Saturday, August 1, 2009

Arachnid Peek-a-boo

Charismatic megafauna get all the attention. You know, panda bears and their ilk; cuddly with big brown eyes and human-like traits. They're the poster children of wildlife conservation. Here on the Osa, monkeys and such fill the bill. Or macaws; big and colorful, squabbling raucously like a quarrelsome old couple, they even form life-long pair bonds. Biologists have a word for critters that embody a collection of human-endearing characteristics: fubsy.

Spiders are not fubsy. But they are no less interesting for the lack. They inspire phobic fits in many, which is understandable since most are venomous, some spectacularly so. But they are best known for their unique method of hunting: the web with which they ensnare their prey (later to deliver the coup de grace--a toxic bite).

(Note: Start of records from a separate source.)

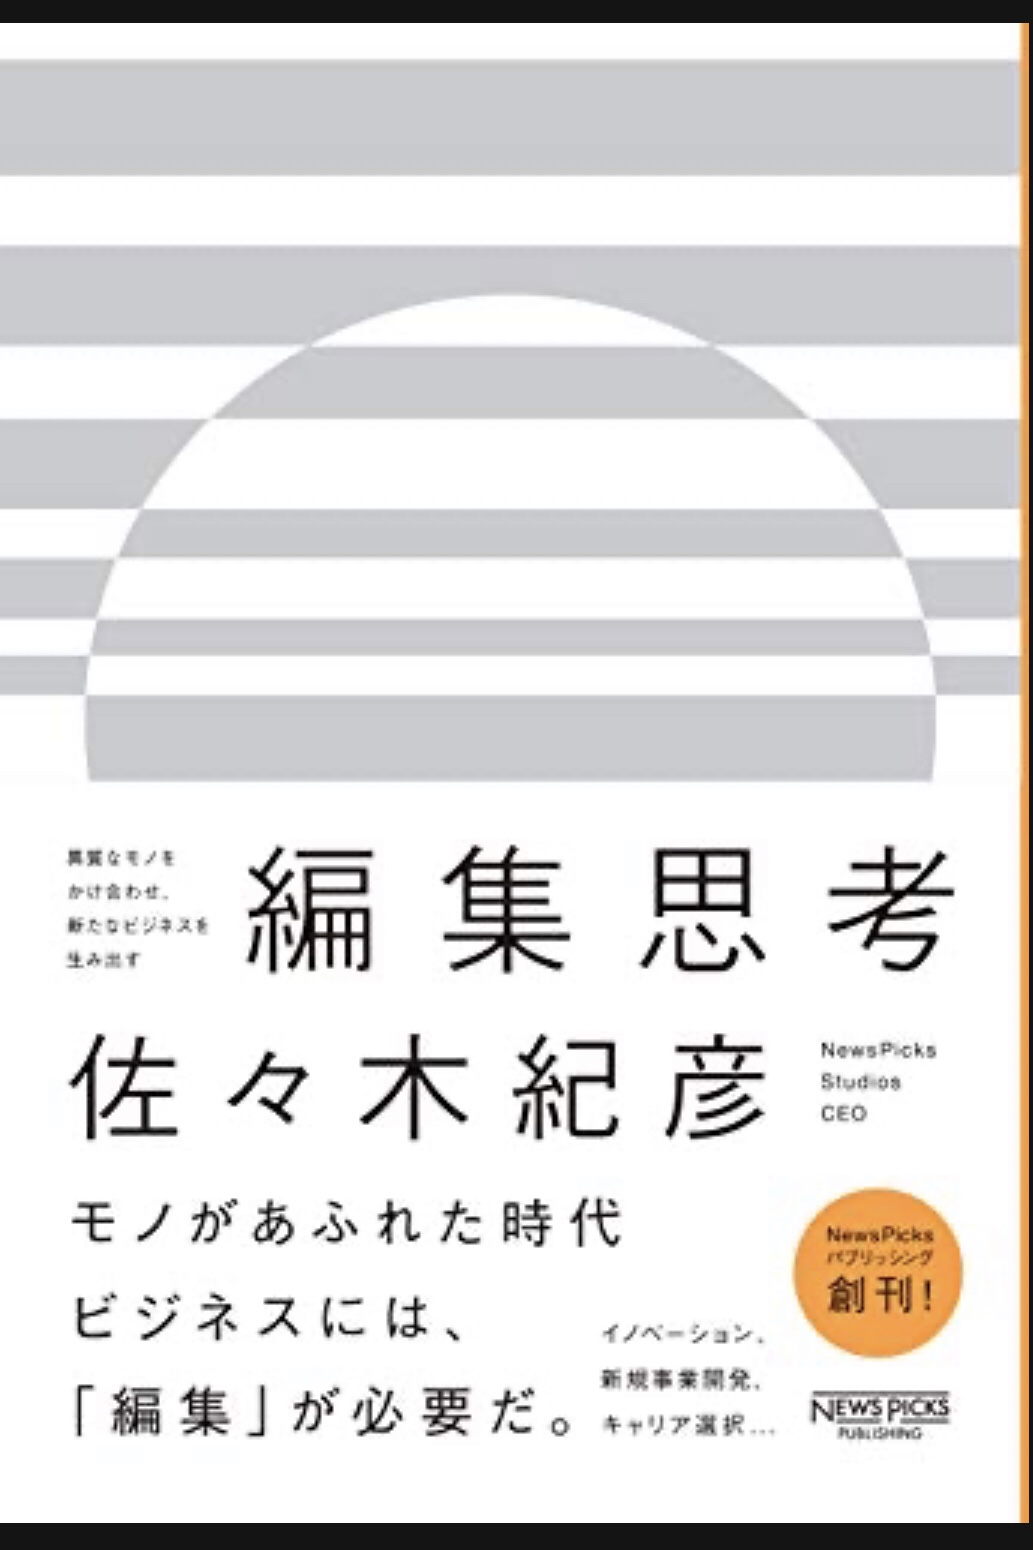 <書籍を知る>『編集思考 』佐々木紀彦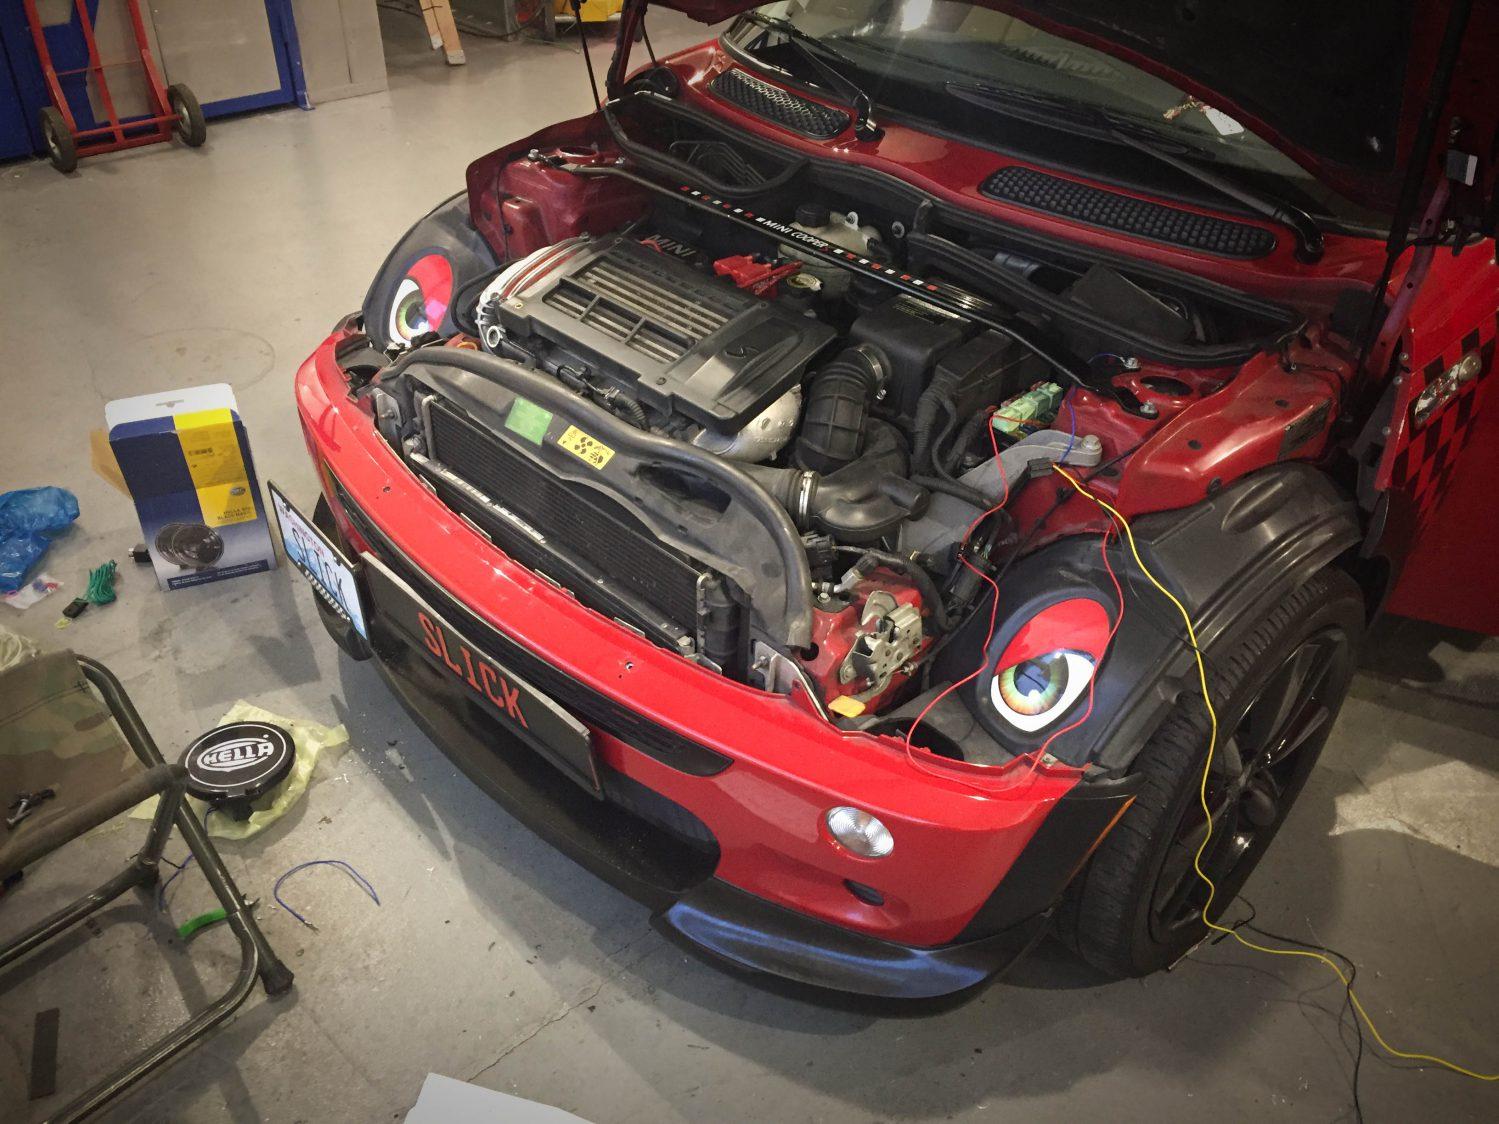 2005 Mini Cooper S Fog Light Install Meister Werks Renton Auto Lights Wiring Diagram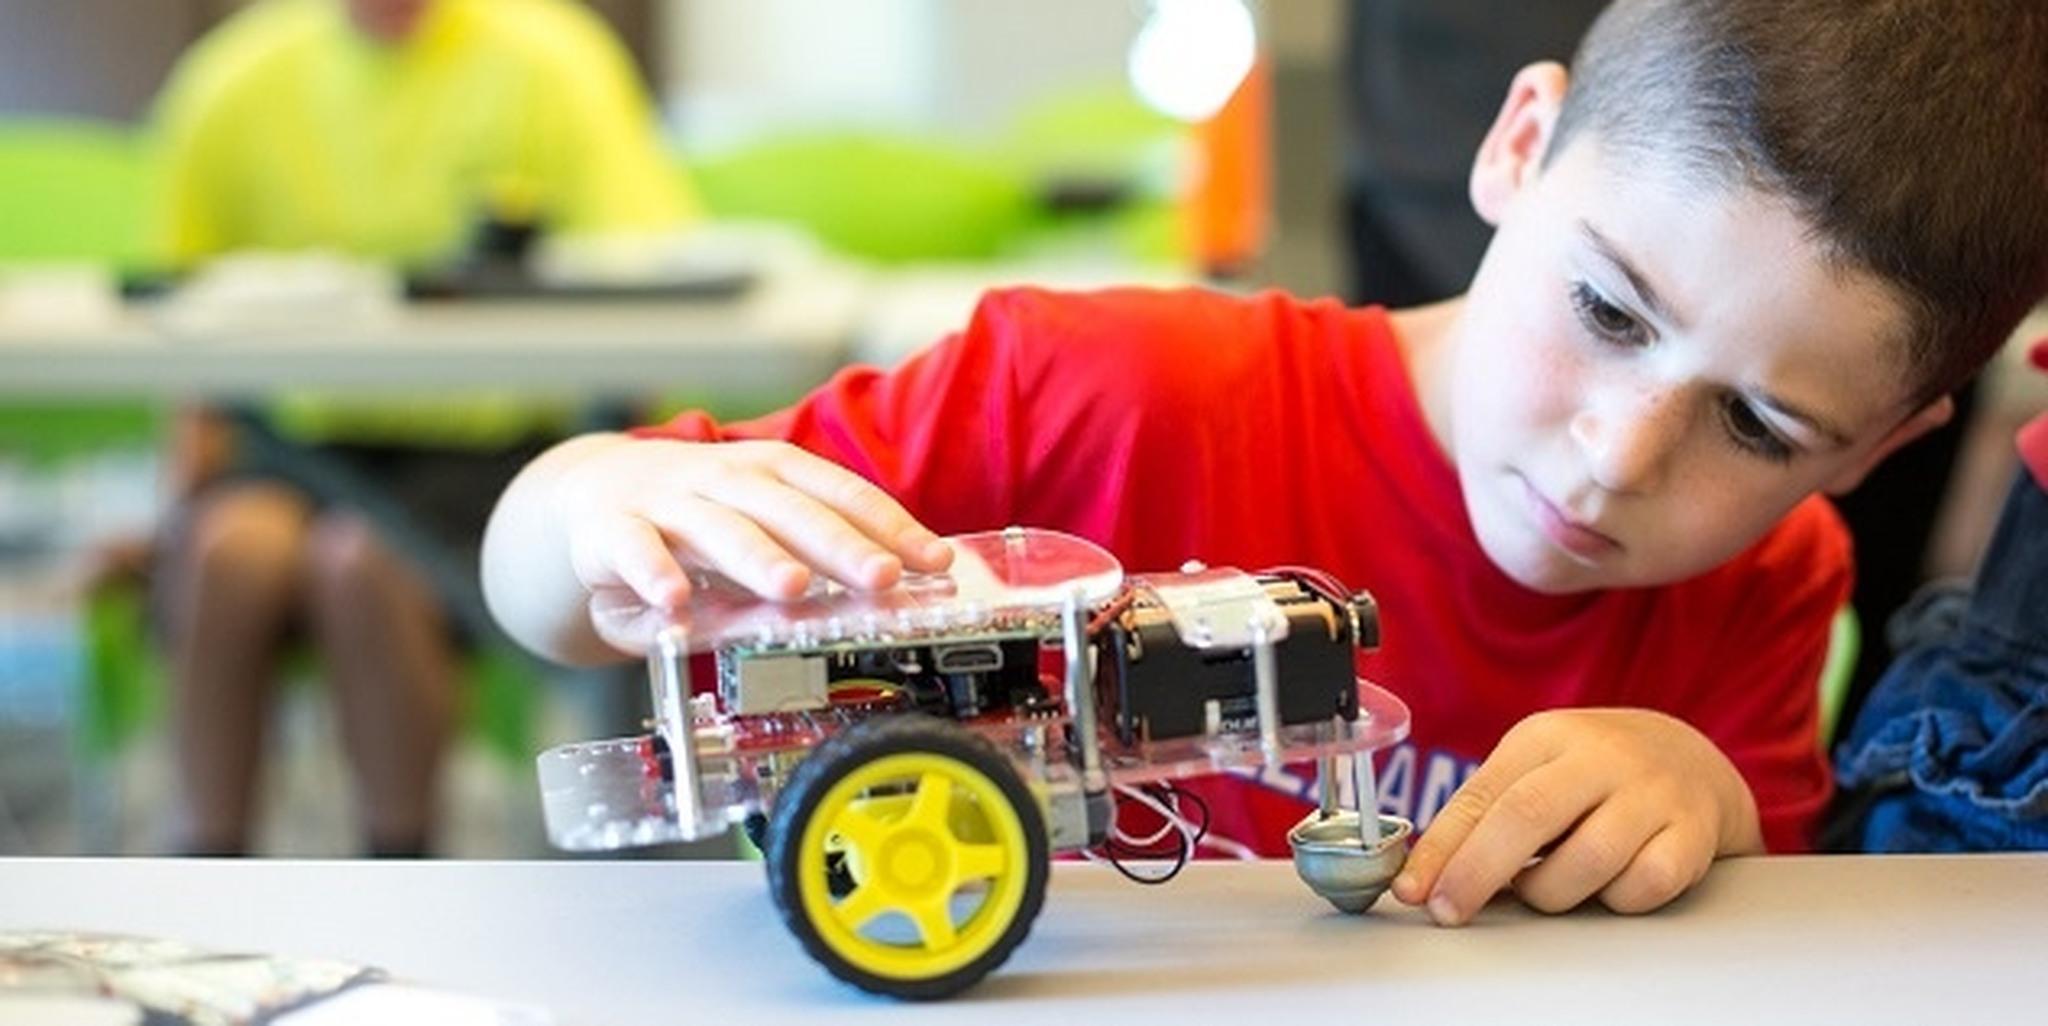 three ways to start robotics child with robot

The Golden Orb Weaver (so called because of the color of its spider silk) is big, up to 3 inches across or more, and beautiful, with jewel-like dots and patterns. They're also prodigious web builders, capable of throwing up an astonishing amount of spider silk, literally overnight. Which is why you want to keep a weather eye out for webs on morning jungle jaunts.

When hiking the trail early one morning, I immediately knew I'd walked into a web. Stop, back up, and kind of corkscrew yourself away from anchoring vegetation, raising your arms and shaking your hands to lift the threads and shake them off. Clear of the hazard, I continued on my way, quickly forgetting the incident.

Imagine my astonishment when, 15 minutes later, the owner of the forgotten web decided to rappel off the bill of my cap and position himself an inch in front of my right eye. Yikes!